The most acute component of estrogen-induced down-regulation of ER is the regulated destruction of receptor protein by the 26S proteasome (1, 5, 7). Proteasome-mediated proteolysis is involved in the regulated turnover of several members of the nuclear receptor superfamily, including receptors for thyroid hormone, androgen, glucocorticoid, progesterone, retinoic acid, 9-cis retinoic acid, and vitamin D (15, 16, 17, 18, 19, 20, 21, 22, 23). The prevalent model describing the function of proteolysis suggests that receptor turnover is essential for efficient receptor transactivation. Pharmacological studies with peptide inhibitors of proteasome and mutagenesis analysis of the coactivator interaction domain of ER have demonstrated that blockade of proteolysis decreases the magnitude of ER-mediated activation of an estrogen response element (ERE) reporter gene (24). However, this evidence is limited to examination of reporter gene activity in heterologous systems, and the model has not been directly tested in physiologically relevant cell contexts.
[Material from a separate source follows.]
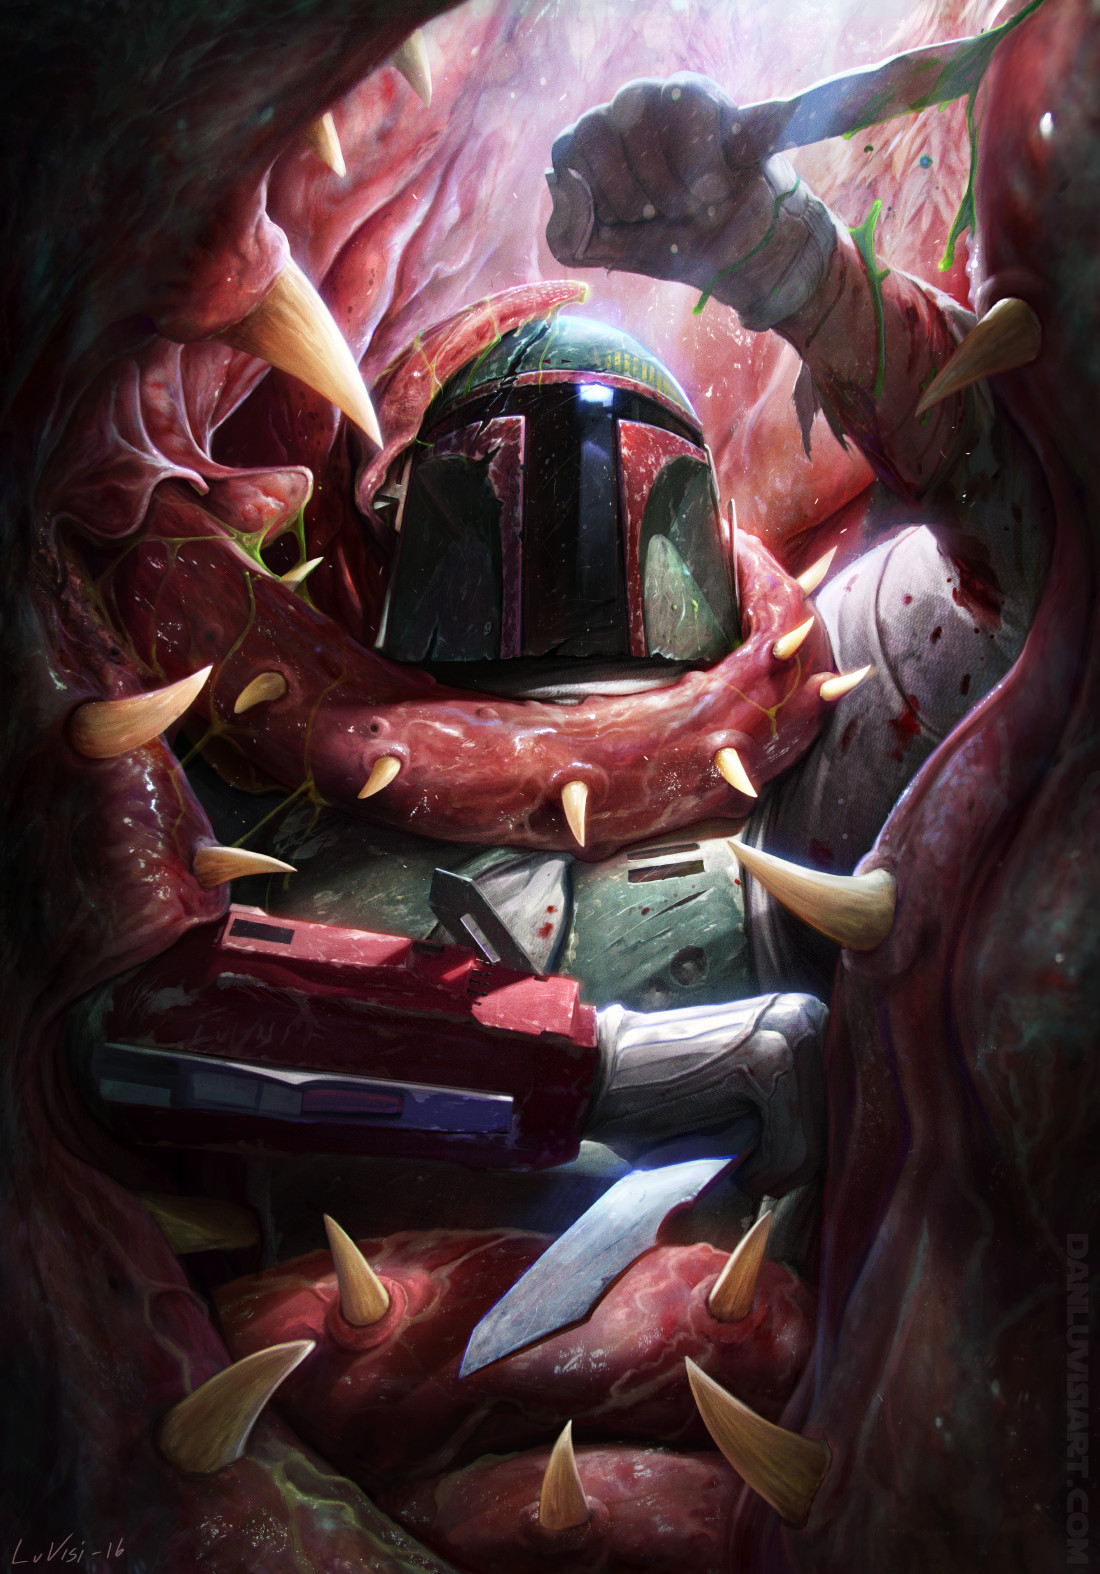 Star Wars Artwork Science Fiction Bounty Hunter Sarlacc Star Wars Villains Villains Creature Dan Luv 1100x1574

We observed previously that diverse ligands, including the short-acting estrogen, estriol, and the cell-type specific agonist, 17-estradiol, exhibit variable regulation of proteasome-dependent degradation of ER in lactotrope cells of the anterior pituitary (25). These results suggested the possibility that receptor proteolysis might be further regulated by events downstream of ligand binding and possibly by other endocrine factors. Early in vivo studies suggested that thyroid hormone might be just such a modulator. Chronic estrogen treatment of rats results in hyperplastic expansion of the lactotrope population of the anterior pituitary (26, 27, 28). The ability of estrogen to induce pituitary hyperplasia, however, requires that the animal have an intact thyroid gland (29, 30, 31). It has also been demonstrated that thyroid hormone treatment increases estrogen binding in the pituitary and hypothalamus of euthyroid and thyroidectomized animals (32, 33, 34, 35, 36). A similar increase in estrogen binding can be achieved by the inhibition of proteolysis with proteasome inhibitors (1).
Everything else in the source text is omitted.